Required work |
For the listing below, the answer is an exact retyping of the lines from the one with "a close up of crispy fish burger" through the one with "余天二女兒余苑綺(左)與先生", both included, without pictures.

Records to process |
# # # # # # #

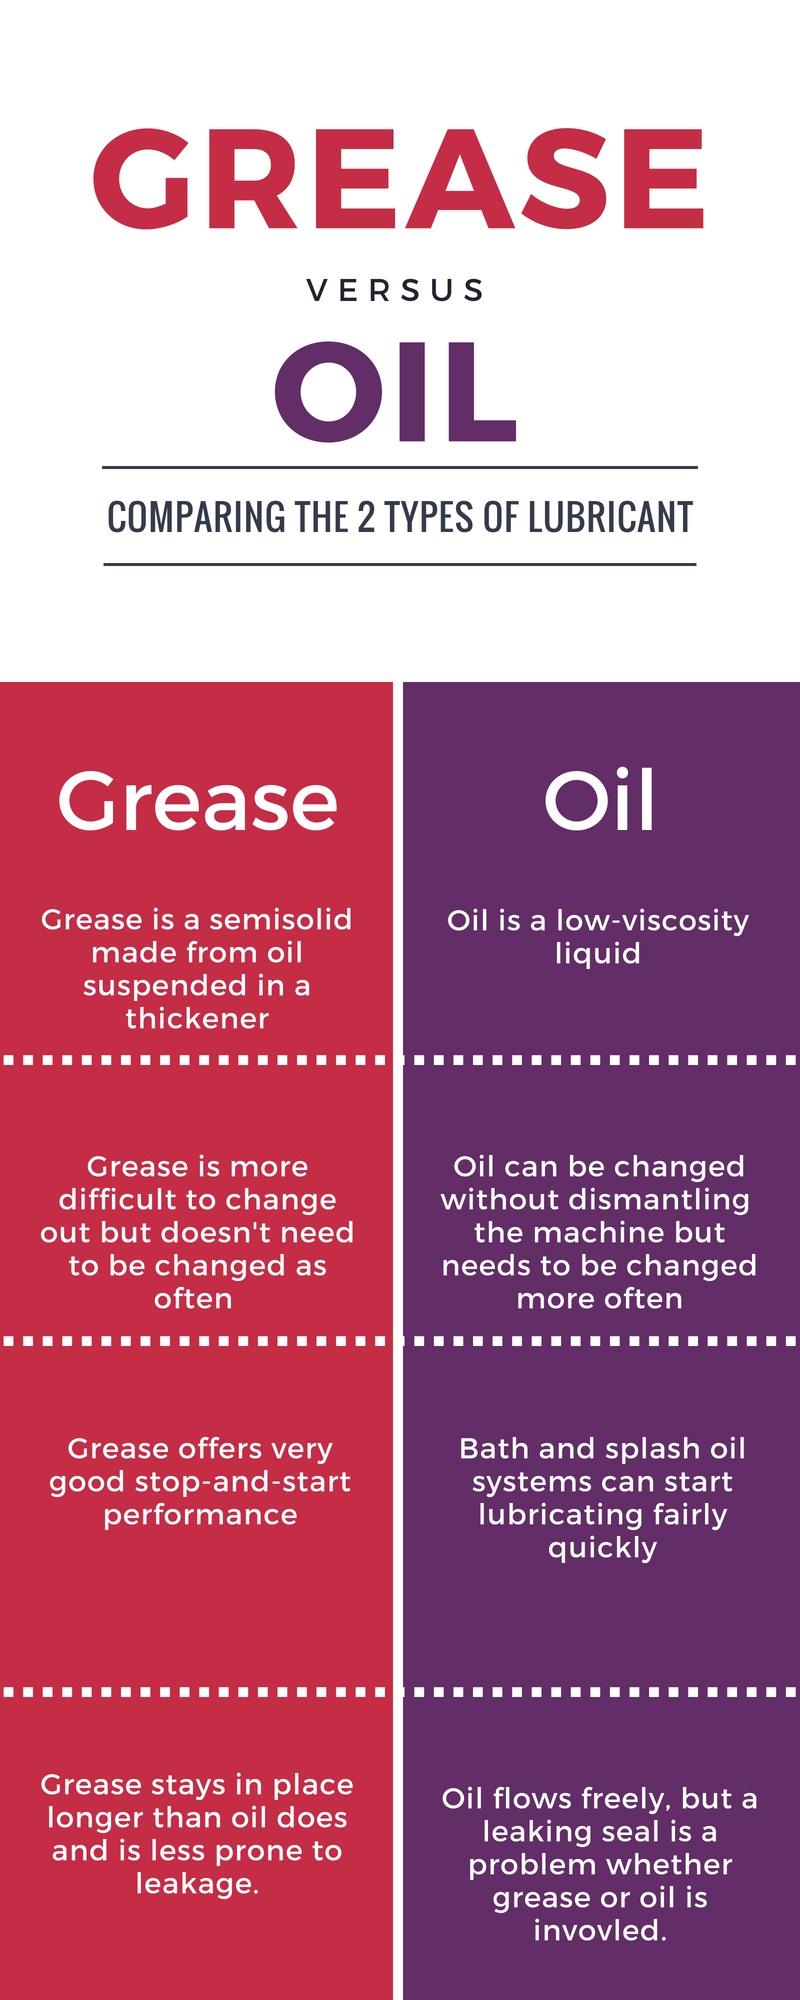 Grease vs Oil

# # # # # # #

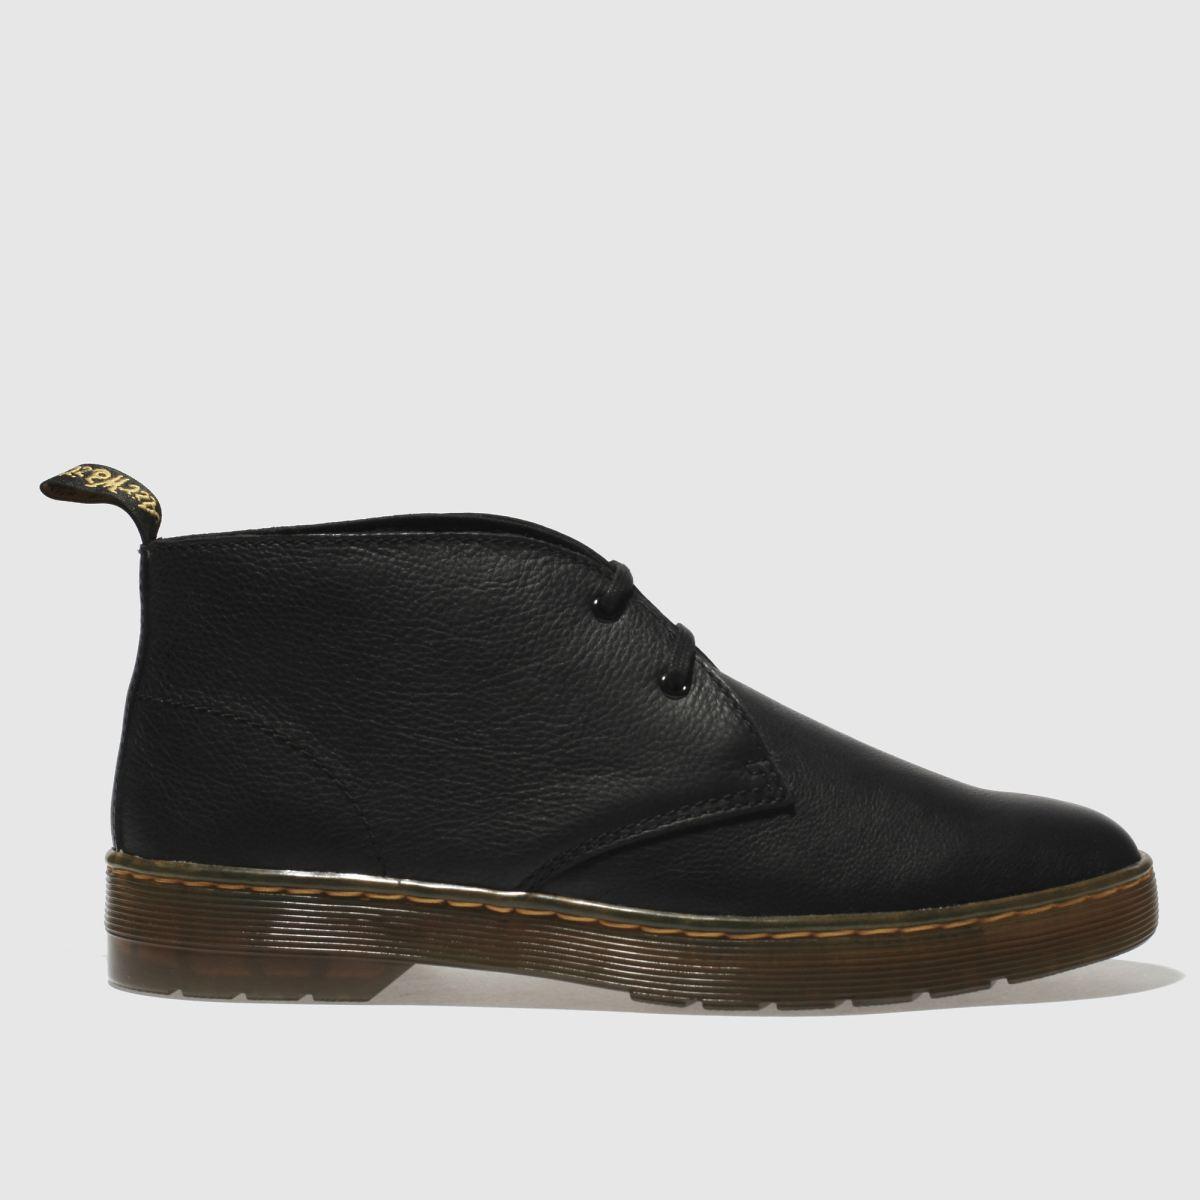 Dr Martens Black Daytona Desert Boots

# # # # # # #

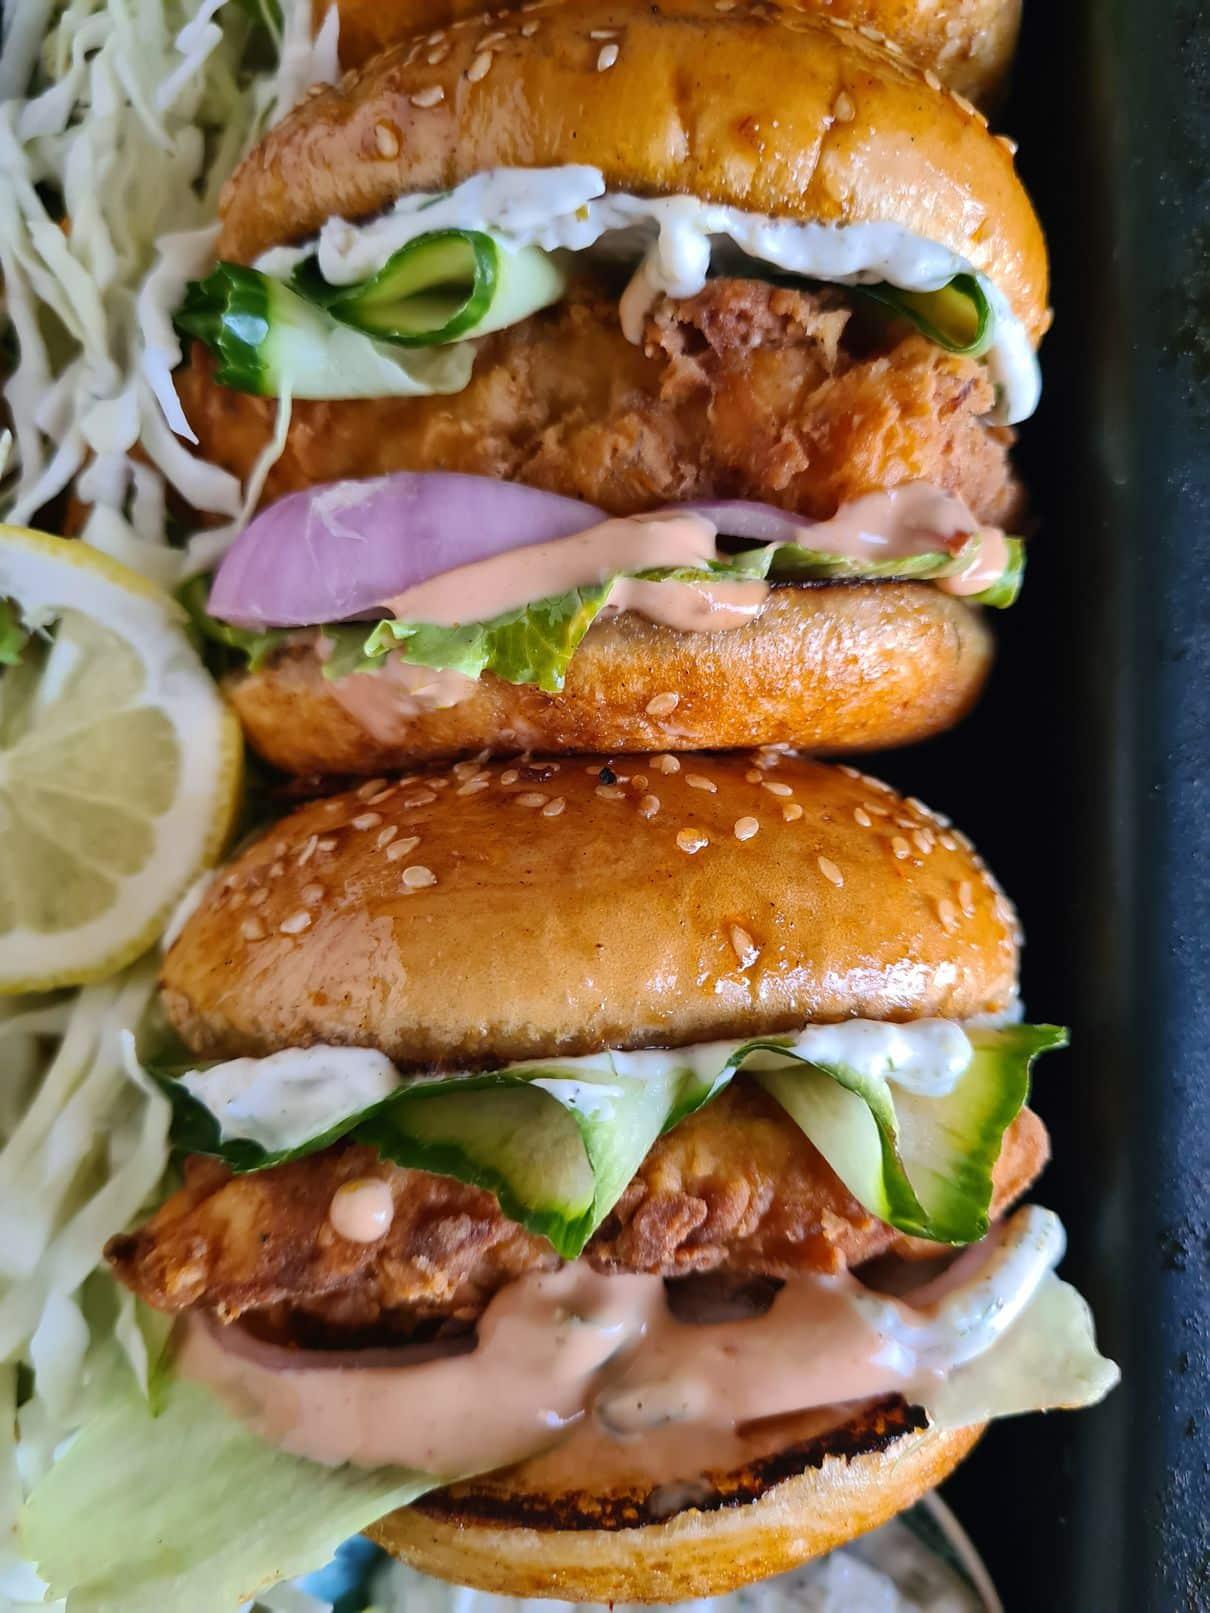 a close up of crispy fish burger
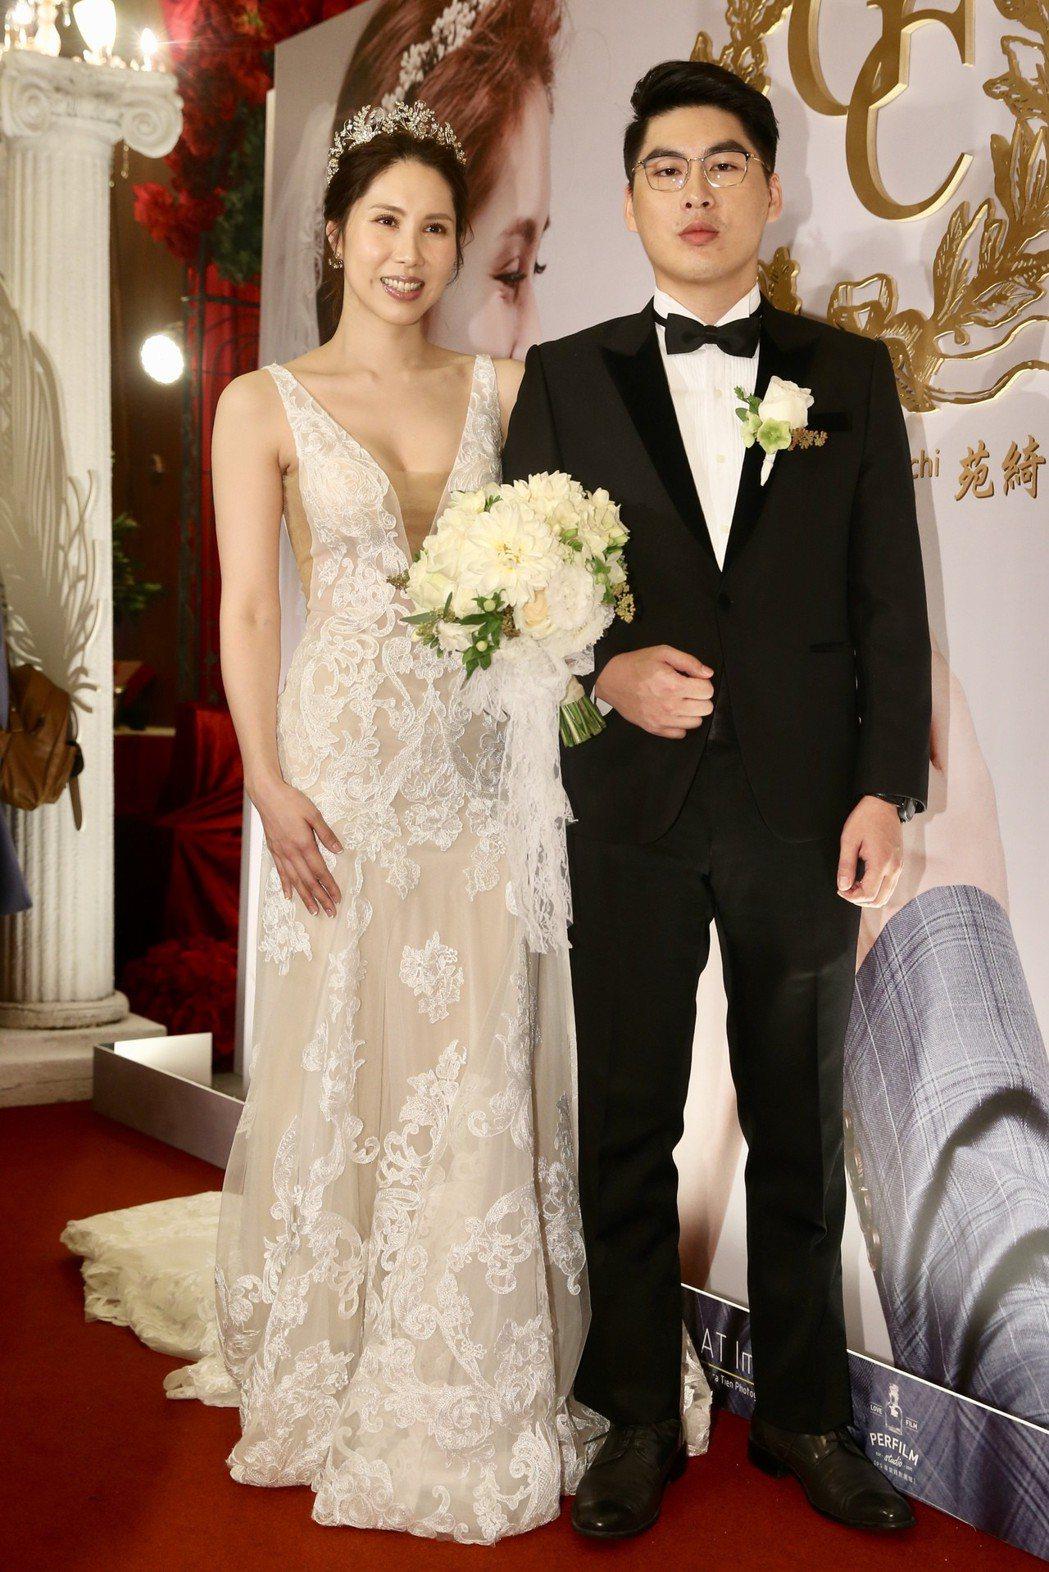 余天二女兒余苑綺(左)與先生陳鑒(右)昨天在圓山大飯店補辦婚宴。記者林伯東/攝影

# # # # # # #

Reply to the task |
 a close up of crispy fish burger
 余天二女兒余苑綺(左)與先生陳鑒(右)昨天在圓山大飯店補辦婚宴。記者林伯東/攝影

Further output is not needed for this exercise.